Task statement:
Among the entries below, the lines from the one with "This LB Exclusive" up to and including the one with "Offered in brand" are to be restated exactly, without pictures.

The data:

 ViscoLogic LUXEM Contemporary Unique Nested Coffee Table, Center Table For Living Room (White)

==

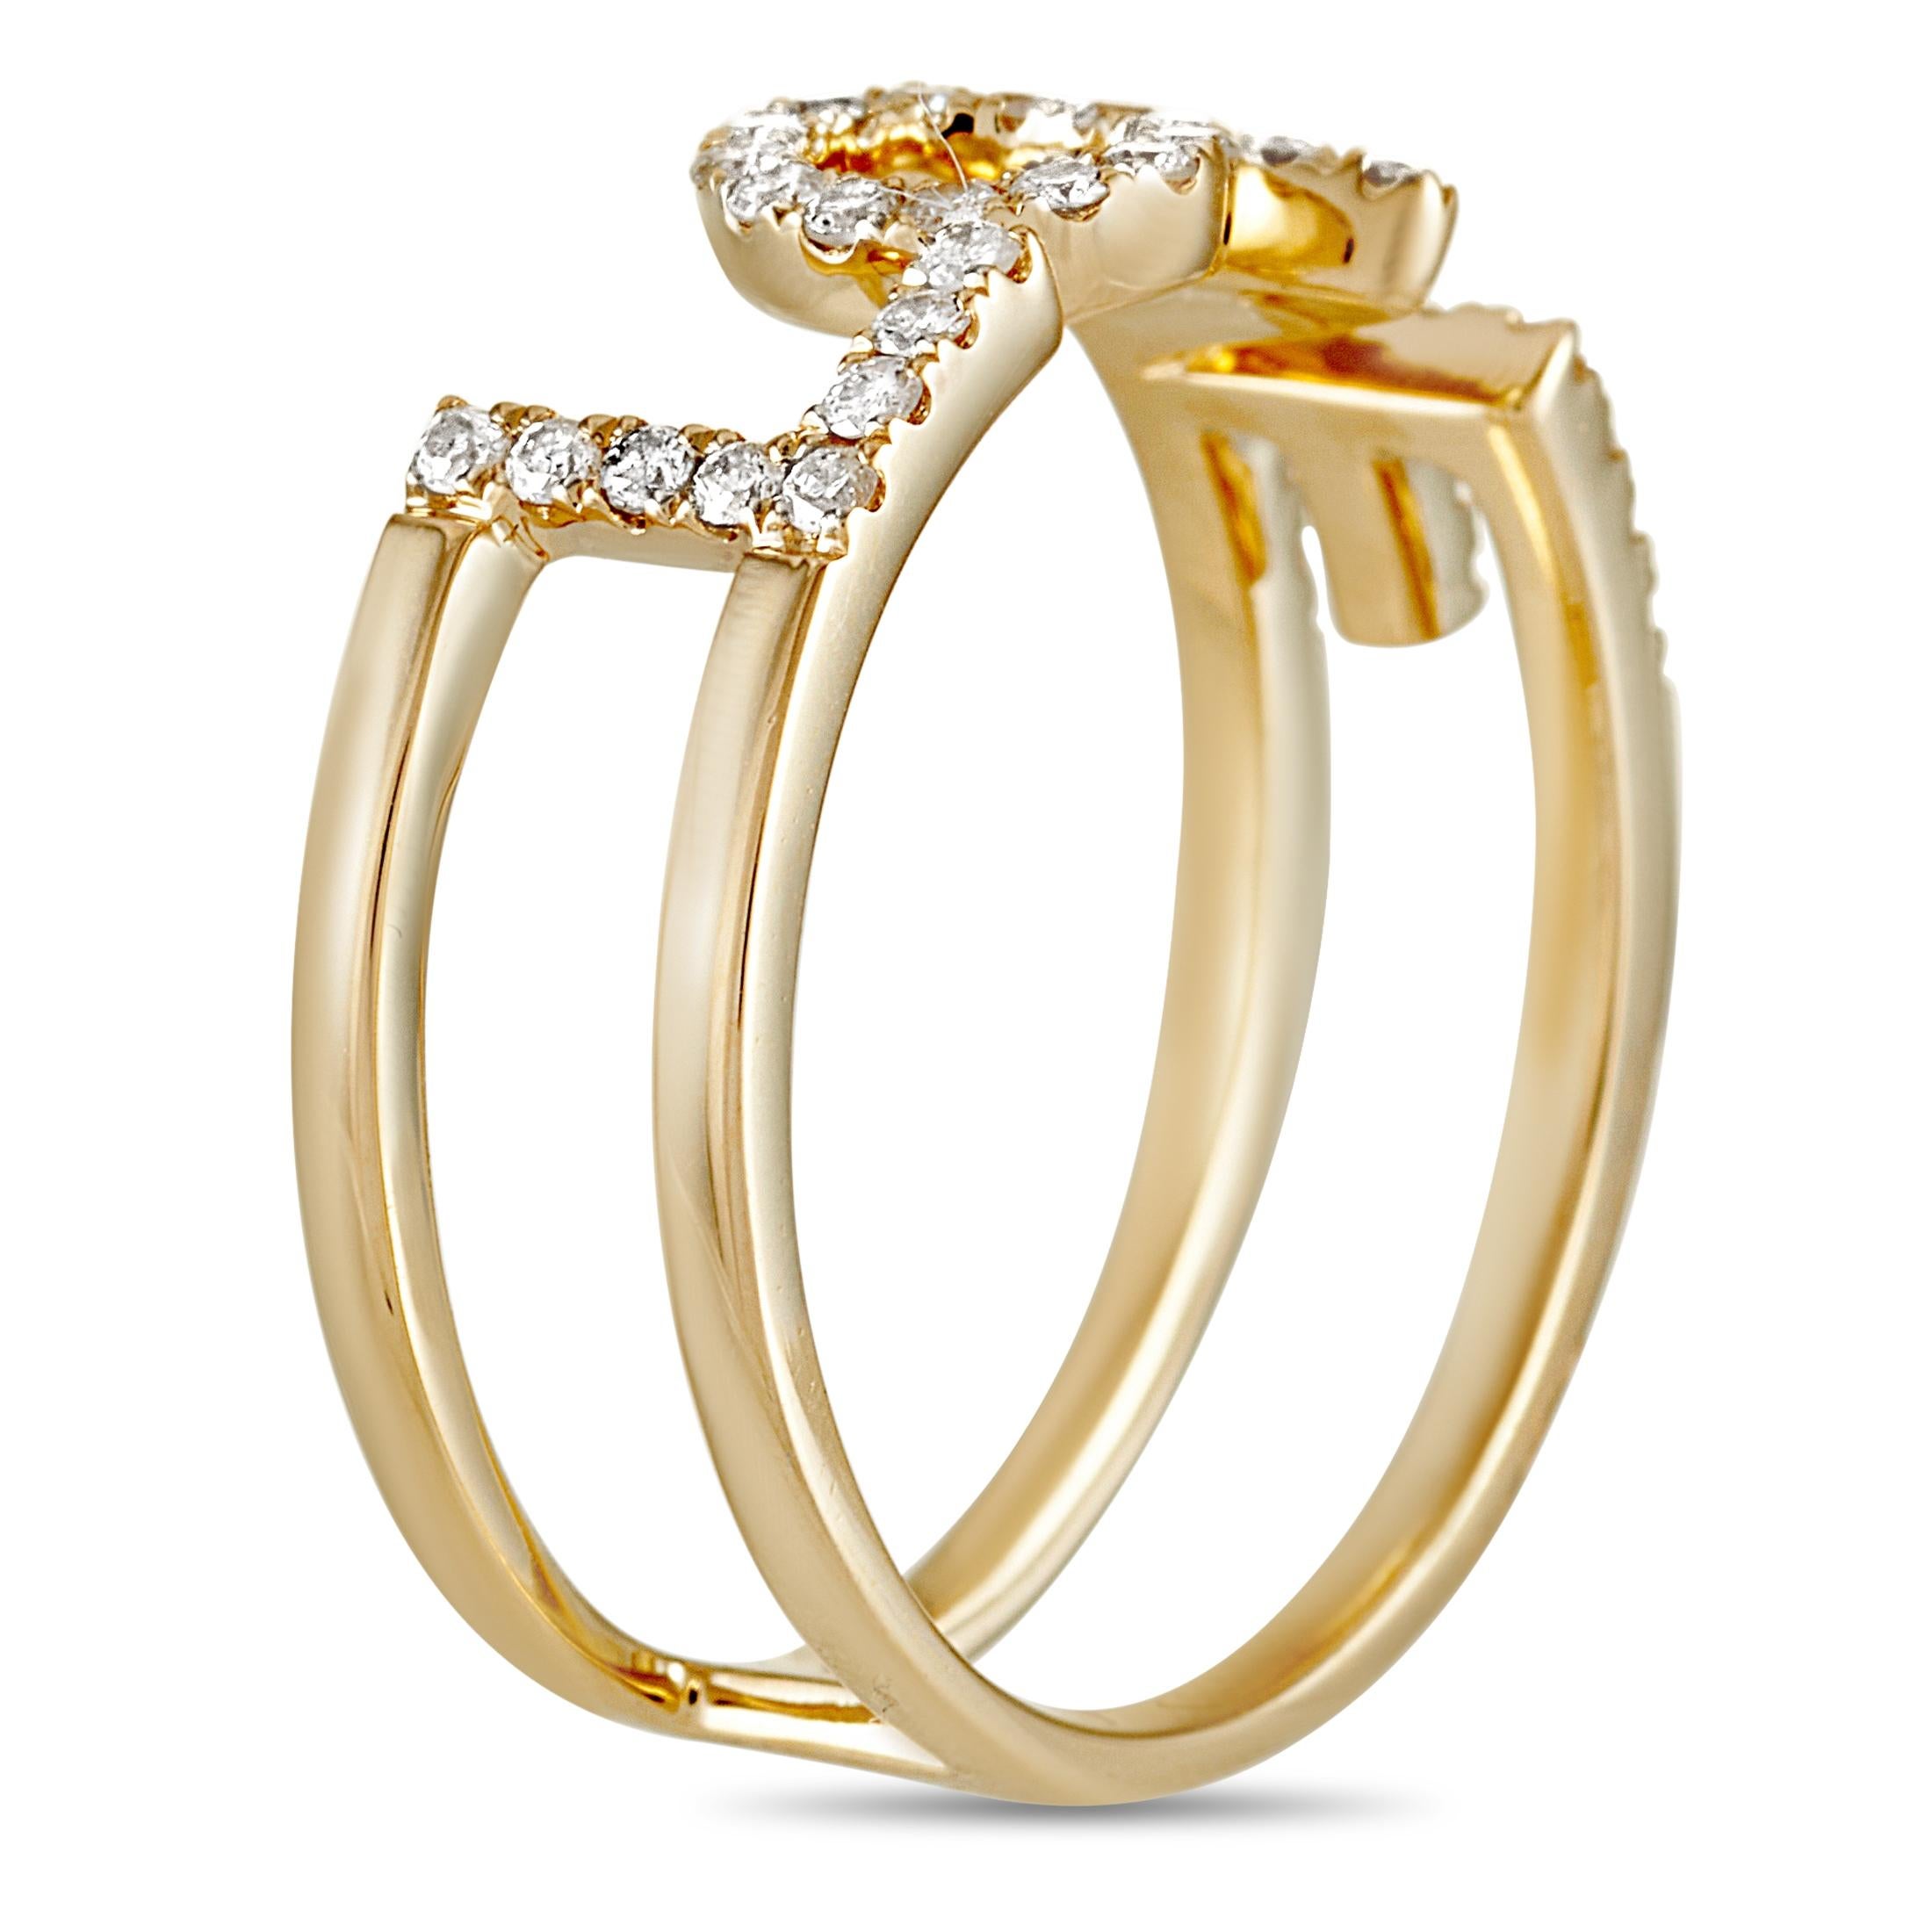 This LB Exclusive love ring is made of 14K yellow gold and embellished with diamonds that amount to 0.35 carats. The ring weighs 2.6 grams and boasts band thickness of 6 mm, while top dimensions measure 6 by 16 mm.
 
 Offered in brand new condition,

Finished exercise:
 This LB Exclusive love ring is made of 14K yellow gold and embellished with diamonds that amount to 0.35 carats. The ring weighs 2.6 grams and boasts band thickness of 6 mm, while top dimensions measure 6 by 16 mm.
 
 Offered in brand new condition,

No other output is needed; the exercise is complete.